-- PROBLEM DESCRIPTION --
Reproduce word for word, from the entries below, the line with "Stylized Durian Fruit Illustration PNG", the line with "Freshly prepared green juice in a glass", and every line between them, and nothing more.

MATERIAL SUPPLIED Start Marker

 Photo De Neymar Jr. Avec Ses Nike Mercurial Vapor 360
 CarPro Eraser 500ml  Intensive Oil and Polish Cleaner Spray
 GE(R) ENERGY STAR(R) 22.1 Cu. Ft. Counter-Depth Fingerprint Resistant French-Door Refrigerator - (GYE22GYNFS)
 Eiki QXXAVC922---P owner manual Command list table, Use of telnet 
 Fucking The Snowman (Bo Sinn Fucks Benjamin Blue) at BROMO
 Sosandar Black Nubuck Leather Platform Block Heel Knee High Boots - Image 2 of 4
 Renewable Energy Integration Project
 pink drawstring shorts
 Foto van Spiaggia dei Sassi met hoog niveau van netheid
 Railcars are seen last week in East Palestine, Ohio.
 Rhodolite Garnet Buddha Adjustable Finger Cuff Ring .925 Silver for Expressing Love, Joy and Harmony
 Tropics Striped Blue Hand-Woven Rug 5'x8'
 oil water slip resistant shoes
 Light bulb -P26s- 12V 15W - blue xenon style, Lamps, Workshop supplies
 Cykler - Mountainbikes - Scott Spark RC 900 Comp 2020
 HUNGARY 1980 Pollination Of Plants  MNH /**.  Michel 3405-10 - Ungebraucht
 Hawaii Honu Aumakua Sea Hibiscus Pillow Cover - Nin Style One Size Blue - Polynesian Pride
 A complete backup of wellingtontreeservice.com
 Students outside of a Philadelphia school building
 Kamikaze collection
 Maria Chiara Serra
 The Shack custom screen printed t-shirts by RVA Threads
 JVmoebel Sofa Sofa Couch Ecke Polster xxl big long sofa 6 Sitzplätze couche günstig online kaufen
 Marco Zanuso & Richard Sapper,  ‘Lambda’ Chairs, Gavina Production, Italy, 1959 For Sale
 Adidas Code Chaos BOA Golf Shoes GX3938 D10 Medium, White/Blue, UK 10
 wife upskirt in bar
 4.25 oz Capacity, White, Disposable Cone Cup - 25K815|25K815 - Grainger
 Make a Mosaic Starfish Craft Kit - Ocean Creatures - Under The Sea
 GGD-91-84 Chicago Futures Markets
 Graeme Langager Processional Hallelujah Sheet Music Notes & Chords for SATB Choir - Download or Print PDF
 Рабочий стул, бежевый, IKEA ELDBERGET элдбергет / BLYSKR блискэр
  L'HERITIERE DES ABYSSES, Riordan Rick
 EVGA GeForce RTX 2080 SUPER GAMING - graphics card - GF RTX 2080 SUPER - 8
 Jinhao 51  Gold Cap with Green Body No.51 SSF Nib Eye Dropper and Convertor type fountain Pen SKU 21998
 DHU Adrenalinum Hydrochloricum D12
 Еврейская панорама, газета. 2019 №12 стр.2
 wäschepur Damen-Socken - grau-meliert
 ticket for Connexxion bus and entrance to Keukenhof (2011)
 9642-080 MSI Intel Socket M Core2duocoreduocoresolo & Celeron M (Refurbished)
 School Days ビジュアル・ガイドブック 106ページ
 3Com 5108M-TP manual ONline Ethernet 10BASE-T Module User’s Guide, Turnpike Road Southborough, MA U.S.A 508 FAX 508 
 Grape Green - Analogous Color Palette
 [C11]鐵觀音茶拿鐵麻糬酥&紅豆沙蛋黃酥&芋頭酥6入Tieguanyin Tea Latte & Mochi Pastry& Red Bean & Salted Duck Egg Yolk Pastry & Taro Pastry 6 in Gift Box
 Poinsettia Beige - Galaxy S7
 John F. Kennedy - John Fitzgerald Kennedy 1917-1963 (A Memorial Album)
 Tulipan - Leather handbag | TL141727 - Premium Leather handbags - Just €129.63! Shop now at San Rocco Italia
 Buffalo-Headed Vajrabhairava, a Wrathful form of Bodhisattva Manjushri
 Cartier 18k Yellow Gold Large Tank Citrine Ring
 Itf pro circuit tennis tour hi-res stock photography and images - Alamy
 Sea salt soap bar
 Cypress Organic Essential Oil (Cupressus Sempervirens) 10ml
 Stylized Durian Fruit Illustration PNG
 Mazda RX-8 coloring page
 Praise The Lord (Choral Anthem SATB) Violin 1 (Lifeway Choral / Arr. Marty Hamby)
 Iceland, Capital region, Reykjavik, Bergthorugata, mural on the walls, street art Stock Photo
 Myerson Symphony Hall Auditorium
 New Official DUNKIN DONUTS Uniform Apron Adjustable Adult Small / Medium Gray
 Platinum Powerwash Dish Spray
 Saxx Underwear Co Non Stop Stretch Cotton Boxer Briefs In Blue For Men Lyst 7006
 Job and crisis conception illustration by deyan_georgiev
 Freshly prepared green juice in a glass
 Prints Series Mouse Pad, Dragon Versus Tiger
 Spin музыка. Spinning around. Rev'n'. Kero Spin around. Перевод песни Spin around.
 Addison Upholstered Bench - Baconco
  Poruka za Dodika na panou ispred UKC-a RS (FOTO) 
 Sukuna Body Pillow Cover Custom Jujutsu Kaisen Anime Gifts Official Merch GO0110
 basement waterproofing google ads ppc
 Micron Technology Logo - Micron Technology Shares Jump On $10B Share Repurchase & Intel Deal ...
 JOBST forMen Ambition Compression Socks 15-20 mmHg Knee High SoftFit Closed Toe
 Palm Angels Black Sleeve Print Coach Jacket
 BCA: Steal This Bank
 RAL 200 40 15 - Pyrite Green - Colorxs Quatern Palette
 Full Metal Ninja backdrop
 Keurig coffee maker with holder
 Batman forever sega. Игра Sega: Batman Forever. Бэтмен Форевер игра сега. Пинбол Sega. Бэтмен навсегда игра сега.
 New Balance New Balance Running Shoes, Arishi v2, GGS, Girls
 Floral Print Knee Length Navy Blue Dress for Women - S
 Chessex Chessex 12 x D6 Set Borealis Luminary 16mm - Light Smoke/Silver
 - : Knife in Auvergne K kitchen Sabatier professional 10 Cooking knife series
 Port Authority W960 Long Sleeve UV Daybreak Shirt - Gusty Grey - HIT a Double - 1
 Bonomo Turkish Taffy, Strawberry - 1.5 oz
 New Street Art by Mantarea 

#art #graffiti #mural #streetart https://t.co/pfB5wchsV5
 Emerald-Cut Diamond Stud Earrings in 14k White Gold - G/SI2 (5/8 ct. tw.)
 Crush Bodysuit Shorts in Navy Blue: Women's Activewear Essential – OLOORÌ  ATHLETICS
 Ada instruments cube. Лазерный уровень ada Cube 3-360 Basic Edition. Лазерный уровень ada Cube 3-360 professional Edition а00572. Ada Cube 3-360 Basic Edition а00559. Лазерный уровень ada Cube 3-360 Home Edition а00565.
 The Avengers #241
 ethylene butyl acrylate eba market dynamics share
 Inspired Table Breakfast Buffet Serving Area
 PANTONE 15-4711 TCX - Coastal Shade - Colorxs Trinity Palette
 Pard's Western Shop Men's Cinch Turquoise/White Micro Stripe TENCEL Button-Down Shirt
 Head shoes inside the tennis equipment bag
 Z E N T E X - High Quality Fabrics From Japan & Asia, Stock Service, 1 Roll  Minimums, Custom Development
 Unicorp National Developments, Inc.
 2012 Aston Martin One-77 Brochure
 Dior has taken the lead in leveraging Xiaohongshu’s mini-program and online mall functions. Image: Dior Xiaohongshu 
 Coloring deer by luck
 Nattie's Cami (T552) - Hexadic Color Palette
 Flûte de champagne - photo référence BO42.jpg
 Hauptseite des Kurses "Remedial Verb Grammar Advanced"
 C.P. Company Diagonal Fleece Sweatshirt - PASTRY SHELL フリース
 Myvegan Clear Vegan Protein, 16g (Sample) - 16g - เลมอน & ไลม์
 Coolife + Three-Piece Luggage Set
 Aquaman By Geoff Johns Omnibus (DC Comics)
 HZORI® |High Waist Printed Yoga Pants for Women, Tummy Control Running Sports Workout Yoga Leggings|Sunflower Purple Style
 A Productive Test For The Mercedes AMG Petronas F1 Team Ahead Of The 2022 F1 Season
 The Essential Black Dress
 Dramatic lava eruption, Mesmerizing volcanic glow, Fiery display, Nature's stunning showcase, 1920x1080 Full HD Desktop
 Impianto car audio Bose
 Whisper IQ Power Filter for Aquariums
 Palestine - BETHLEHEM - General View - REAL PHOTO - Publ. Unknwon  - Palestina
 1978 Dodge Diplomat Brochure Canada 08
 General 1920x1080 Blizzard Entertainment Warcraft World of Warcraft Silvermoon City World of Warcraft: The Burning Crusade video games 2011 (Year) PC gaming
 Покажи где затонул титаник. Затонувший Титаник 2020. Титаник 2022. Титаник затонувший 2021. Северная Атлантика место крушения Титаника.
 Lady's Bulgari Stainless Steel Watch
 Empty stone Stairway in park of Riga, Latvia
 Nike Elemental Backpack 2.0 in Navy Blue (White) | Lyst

MATERIAL SUPPLIED End Marker

-- ANSWER SECTION --
 Stylized Durian Fruit Illustration PNG
 Mazda RX-8 coloring page
 Praise The Lord (Choral Anthem SATB) Violin 1 (Lifeway Choral / Arr. Marty Hamby)
 Iceland, Capital region, Reykjavik, Bergthorugata, mural on the walls, street art Stock Photo
 Myerson Symphony Hall Auditorium
 New Official DUNKIN DONUTS Uniform Apron Adjustable Adult Small / Medium Gray
 Platinum Powerwash Dish Spray
 Saxx Underwear Co Non Stop Stretch Cotton Boxer Briefs In Blue For Men Lyst 7006
 Job and crisis conception illustration by deyan_georgiev
 Freshly prepared green juice in a glass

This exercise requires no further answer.